- Directed by: Harv Glazer
- Written by: Tim McGregor; Tyler Levine;
- Produced by: Robert Wilson
- Starring: Jason Mewes; Erica Cox; Richard Fitzpatrick; Nic Nac; Stuart Stone; Jordan Madley;
- Cinematography: Simon Shohet
- Edited by: Ron Wisman Jr.
- Music by: Stu Stone
- Distributed by: RHI
- Release date: 29 June 2008;
- Running time: 89 minutes
- Country: Canada
- Language: English

= Bitten (film) =

Bitten is a 2008 Canadian black comedy vampire film directed by Harv Glazer. It stars Jason Mewes as a paramedic who rescues Danika (Erica Cox), a female vampire, from an alley way.

==Plot==
Jack, a paramedic, is frustrated with his life after he breaks up with his girlfriend. He discovers a girl (Danika) in an alleyway covered in blood, clinging to life. Jack takes Danika in and soon discovers that she is a vampire.
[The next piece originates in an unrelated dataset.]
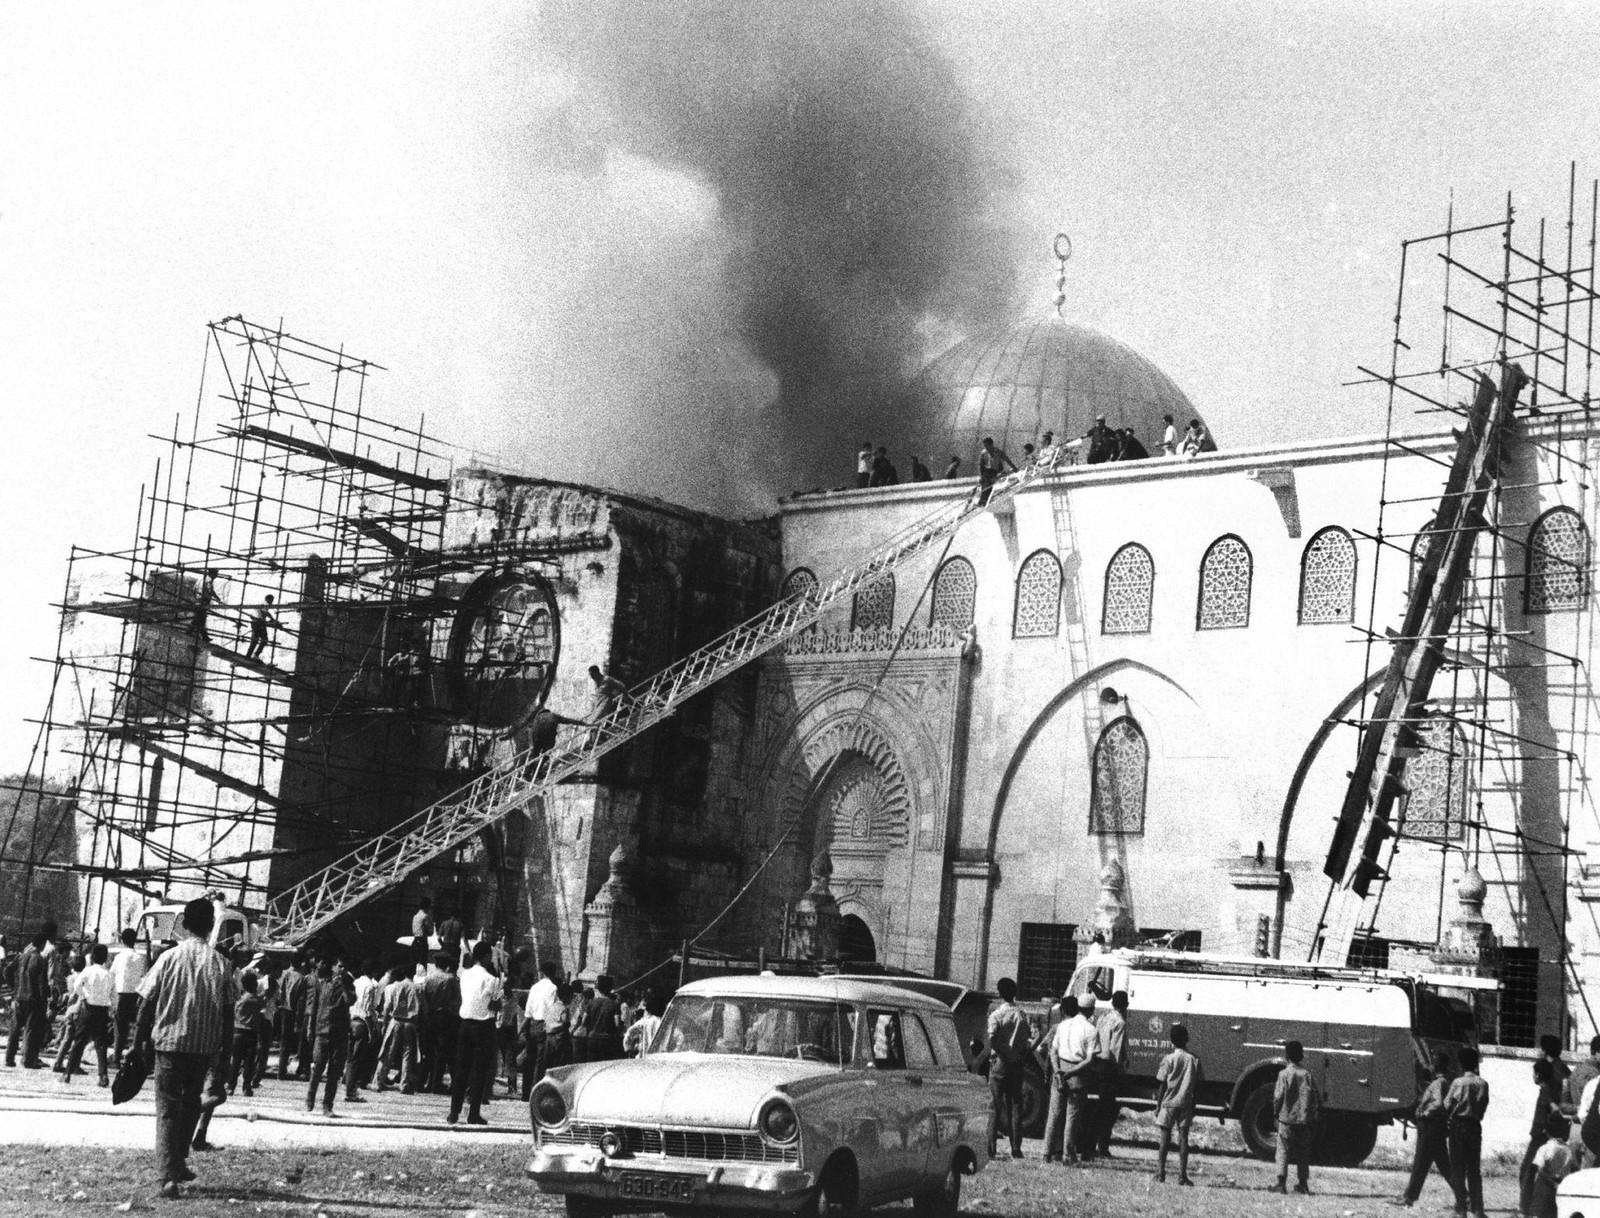 02. Толпа наблюдает за тем, как пожарные тушат пожар в мечети Аль-Акса. 21 августа

Jack and Danika try to find a way to feed her cravings to drink blood while killing as little as possible. All their attempts end without success because a vampire needs fresh human blood. Jack also must find places to hide the bodies in his apartment, including the body of his ex-girlfriend, who had gone to his apartment to reclaim several of her possessions before Danika had bitten and killed her. Jack discovers upon his ex-girlfriend's corpse reanimating into a vampire (and having to kill her when she attacks him in a rage) that only a stab to the heart will kill a vampire.

When Danika becomes more violent, killing several people, including a young woman, Jack is forced to kill her with the help of Roger, his paramedic co-worker and friend. Roger stabs Danika in the heart while she attacks Jack and kills her, but not before Jack is bitten. Jack becomes a vampire, cared for by Roger, who feeds him from a dish of blood.

==Release==
It aired on Sci Fi Channel on March 15, 2009. RHI Entertainment released it on DVD on July 6, 2010.

==Reception==
Mark Voger of NJ.com recommended it to fans of Mewes and said that the film, despite its "considerable flaws", is better than many competitors. R.L. Shaffer of IGN rated it 3/10 stars and wrote, "Bitten had tremendous potential to be pretty darn amusing, but it fails on nearly every conceivable level." Steve Barton of Dread Central rated it 2.5/5 stars and wrote that the film's tone is ruined by out-of-place slapstick. Annie Riordan of Brutal as Hell wrote that the film remains entertaining despite its lack of originality. Jeremy Blitz of DVD Talk rated it 2.5/5 stars and wrote, "The humor and the horror counteract rather than reinforce each other."